Antonio Mattei Lluberas, an active member of the Puerto Rican Section of the Partido Revolucionario Cubano, was in Haiti during the late 1890s to raise funds for the Cuban cause. His brief reports indicated a tiny Puerto Rican colony in the Haitian capital, about 30 people, and some of the activities of the Club Betances. According to Mattei Lluberas, the Puerto Rican residents in Port-au-Prince lacked capital, and were much smaller than the Cuban colony.

From 1900 to 1934, allusions to Puerto Ricans living or working in Haiti continue. During the US Occupation, some came to work for US companies. HASCO, for instance, employed at least one Puerto Rican in the 1920s. Haitian sources, quoted by Michel Hector, refer to Puerto Rican and West Indian migrants taking the best positions in new industries established during this era, particularly automobiles. US plantations and the railroad companies also employed some foreign workers, which may have included Puerto Ricans in middle-status positions or in some mechanical capacity. At least three Puerto Ricans chose Port-au-Prince for founding chapelleries, an effort connecting Jose Blanch (consul for Haiti in Mayaguez), Emile Cuebas (Emilio Cuevas), and Jose San Millan. Cuebas even called his business La Borinquen, making clear the ties to his homeland. These small-scale shops and establishments, like that of Jose Blanch, probably employed young women and may have introduced ideas or practices from Puerto Rico. Unquestionably, Puerto Rican workers in new industries during the 20th century likely interacted with Haitian workers, perhaps transferring some skills in mechanics or automobile garages. Some of partial Puerto Rican heritage also enter the historical record, such as Jean Wagoner.

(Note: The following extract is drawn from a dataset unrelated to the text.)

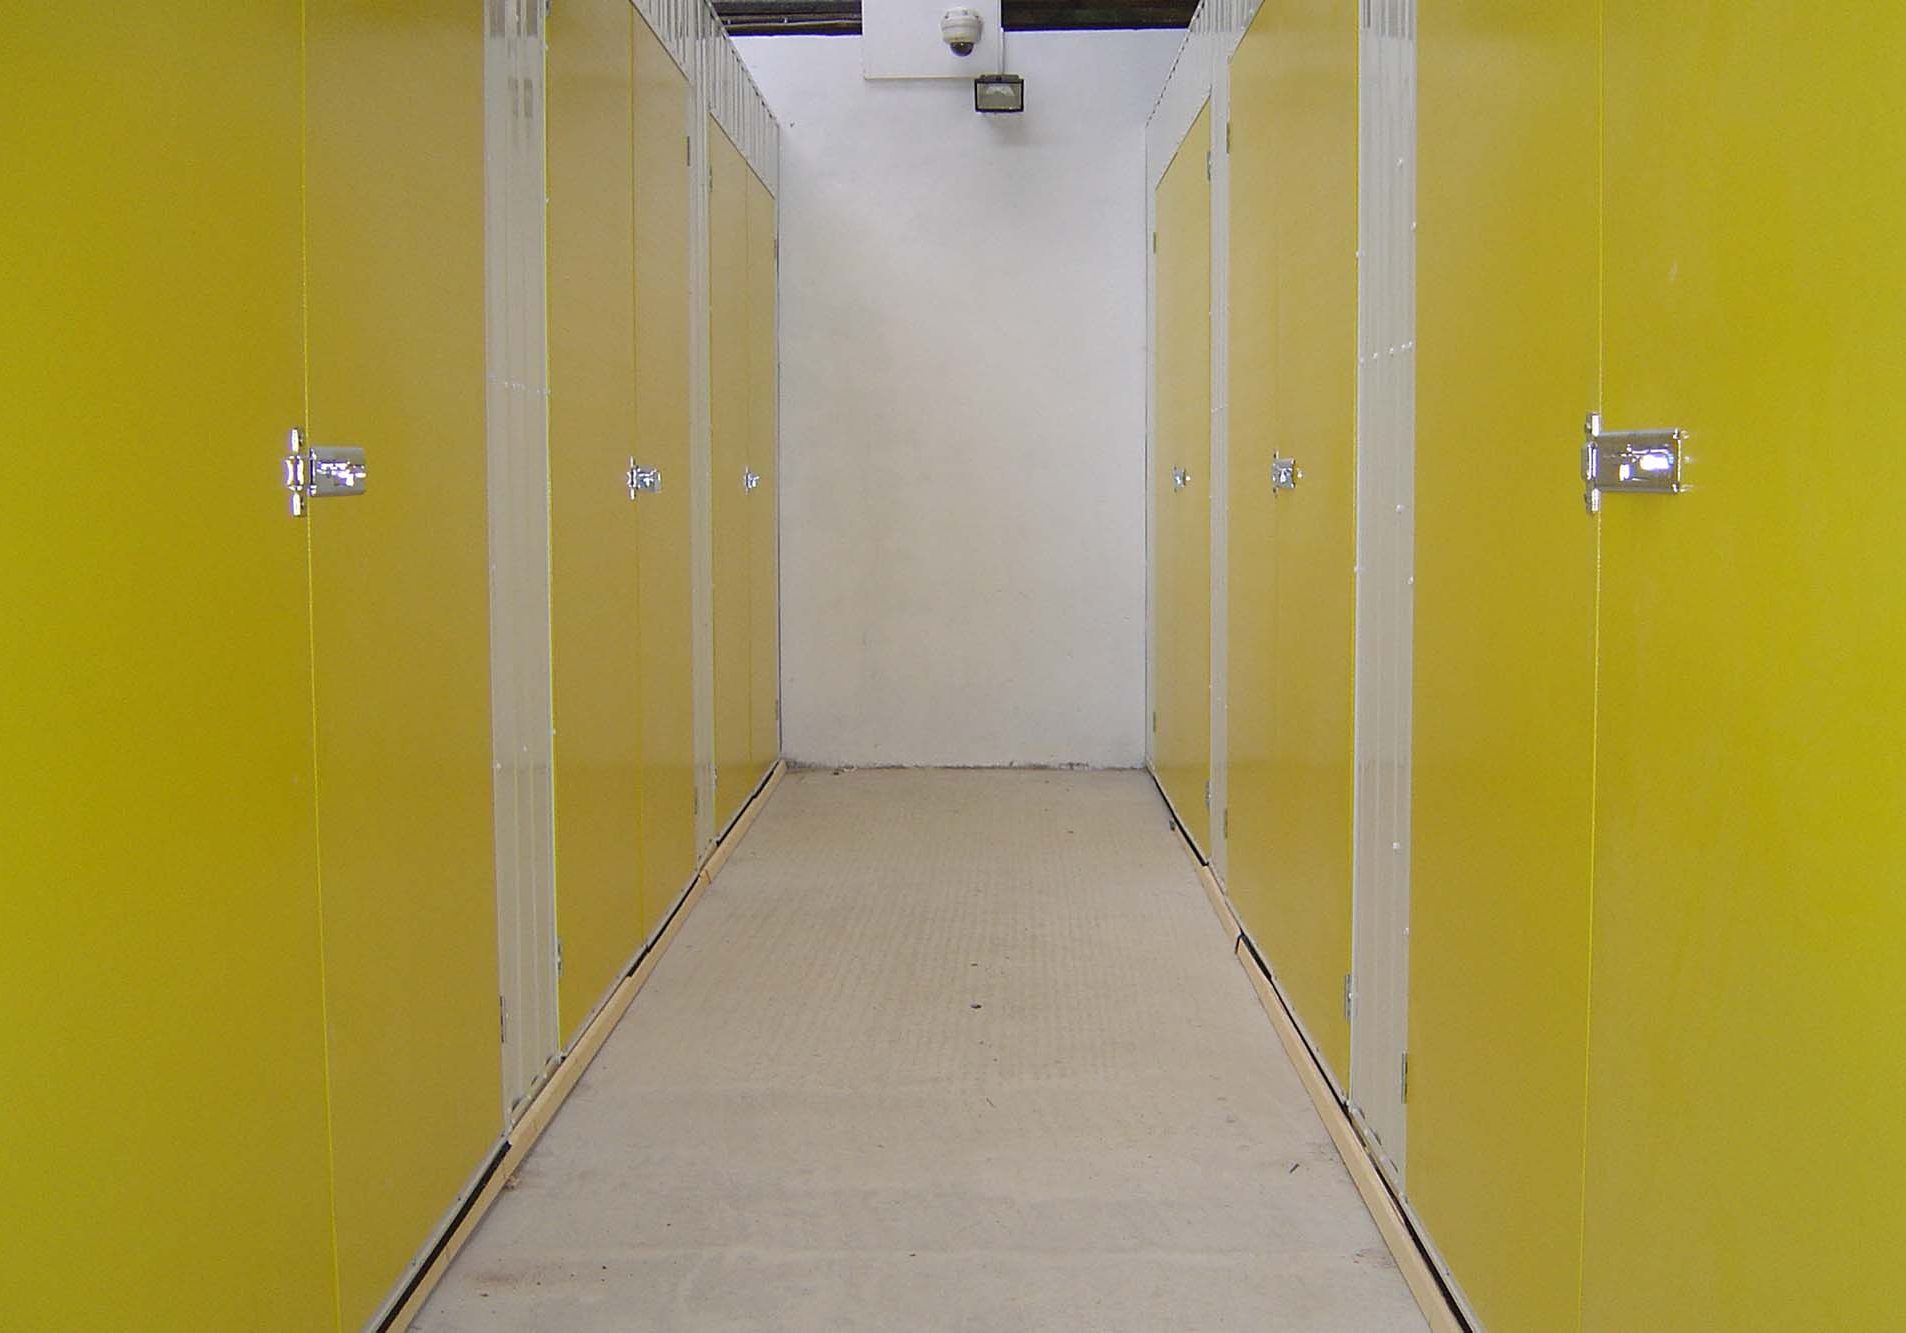 Yellow storage lockers

Albizu Campos visited Haiti in  September 1927, meeting with Joseph Jolibois fils and other anti-occupation activists.

Needless to say, these entrepreneurs and skilled workers were a tiny community, but left a legacy of cultural contact and exchange between the two Antillean peoples. Emile Cuebas was probably the father of Lolita Cuevas, a singer raised in Haiti who promoted Haitian folkloric music. According to press coverage of her in Port-au-Prince newspapers, she also represented Haiti favorably in Puerto Rico. Such a connection may have been a cultural component of Puerto Rican-Haitian relations during the 1920s and 1930s. The political connection, best expressed through solidarity beween Haitian and Puerto Rican nationalists opposed to US imperialism, is another. For instance, Haitian media allusions to visits of Albizu Campos make clear a certain interest in the fate of Puerto Rico. Albizu Campos also sympathized with forces opposed to the US Occupation, including Haiti in his political vision of Latin America. Perhaps Albizu Campos's inheritance of expansive notions of "Latin" civilization and meeting with Joseph Jolibois fils, who also undertook a journey across Latin America, shaped the connection between labor and cultural autonomy for both leaders. Even though anti-black prejudice continued in Puerto Rico, often quite explicit in cases such as Pedreira, a certain degree of overlapping interests, a past in Betances and Firmin, Jolibois and Albizu Campos, suggests Haiti's centrality for Caribbean consciousness.